7. Research Challenges
Capillary electrophoresis (CE) is a significant development in the field of electrophoresis and has evolved considerably since its inception. The integration of detectors with capillary electrophoresis is a preferred approach for identifying ALP isoenzyme assays. UV-Vis detection has become increasingly important due to its simplicity and linear performance. In this context, the substrate pNPP is commonly used as it is self-indicating and facilitates accurate measurements. Optimizing enzyme reactions in capillary electrophoresis methodology involves several key variables, including the running buffer and its pH, ionic strength [
63], temperature of the capillary, and the relationship between incubation time and the quantity of the product. Previous studies have explored using two different buffer pHs (e.g., 7.4 and 2.5) for discontinuous enzyme assays, which is important for the real-time monitoring of enzyme release in cell culture. However, for ALP determination, using two pH gradients of 7.4 and 9.5 has not been addressed in the literature.
Additionally, dynamic assays and their relationship with time have been investigated to optimize continuous enzyme assays for ALP analysis, aiding in the improvement of ALP assay conditions. Nevertheless, each assay may have its own calibration issues related to the device used, the running buffer, the applied voltage, the components, and the type of assay (continuous or discontinuous). Research on ALP release from living cells using UV-Vis detection is relatively rare, along with using cell lysis dissolved in bicarbonate buffer inside the capillary. The use of buffer with a pKa of 6.1 might limit the assay as it significantly differs from the optimal pH of ALP. Capillary electrophoresis involves multiple steps in experiments to allow validation assays for the isoenzyme release from living cells. Optimizing the components of the cell lysis mixture or medium is crucial for the accurate identification of isoenzymes and selective inhibition assays. Additionally, CE samples may need to be diluted to approximately 100× due to their sensitivity.
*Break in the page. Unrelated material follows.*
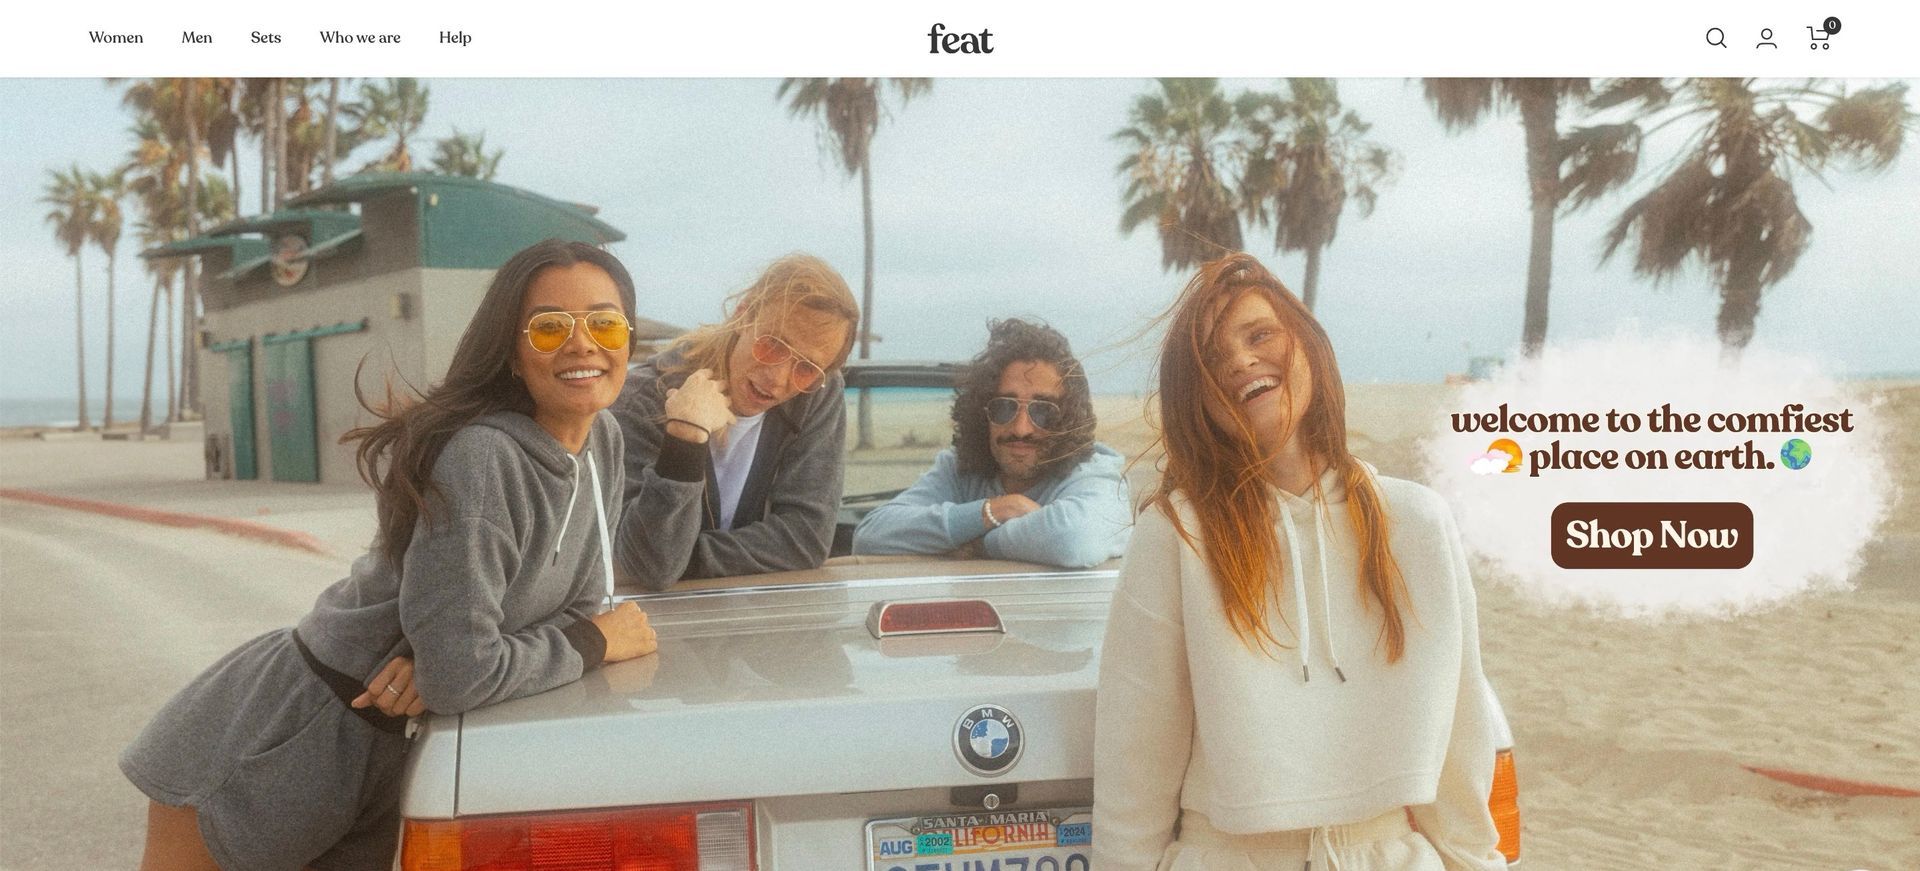 A screenshot of Feat's homepage shows a group of people standing next to a car on a beach with a CTA calling

With the above suggestions, adapting ALP assays in capillary electrophoresis from whole cell lysis can be advantageous for PTM understanding, as well as for single-cell analysis [
64,
65]. Electrophoresis distinguishes isoforms, aiding quantification, while coupling with mass spectrometry reveals detailed PTM profiles and regulatory roles. Correlating patterns with conditions offers insights into protein activity. These intracellular molecular activities enable the detection of phosphorylation-dependent signaling events at the single-cell level. Additionally, this enzymatic activity can reduce potential biases introduced by phosphorylation variations among individual cells, leading to more reliable single-cell data [
66].
8. Conclusions
This review paper has illuminated the importance of capillary electrophoresis in examining alkaline phosphatase, delving into its potential for advancing enzyme analysis, and showcasing how this research could drive innovations in enzyme detection and comprehension across diverse scientific domains, including PTMs. Recent studies have exemplified continuous efforts in thoroughly exploring the various parameters of enzyme assays within fused capillary electrophoresis. By refining factors like substrate concentration, buffer pH, and incubation time within the capillary, researchers are striving to elevate the efficiency and sensitivity of ALP analysis. The incorporation of mass spectrometry and the consideration of migration time contribute additional depth to characterizing enzymatic reactions through capillary electrophoresis methodologies. Capillary electrophoresis serves as a valuable tool, providing insights into enzyme behavior encompassing substrate specificity and reaction kinetics, thereby fostering a more profound grasp of alkaline phosphatase activity. By harnessing the potential of capillary electrophoresis in enzyme analysis, scientists can devise and optimize detection techniques not only for alkaline phosphatase but also for other enzymes, with broader implications spanning biotechnology, medicine, and biochemistry.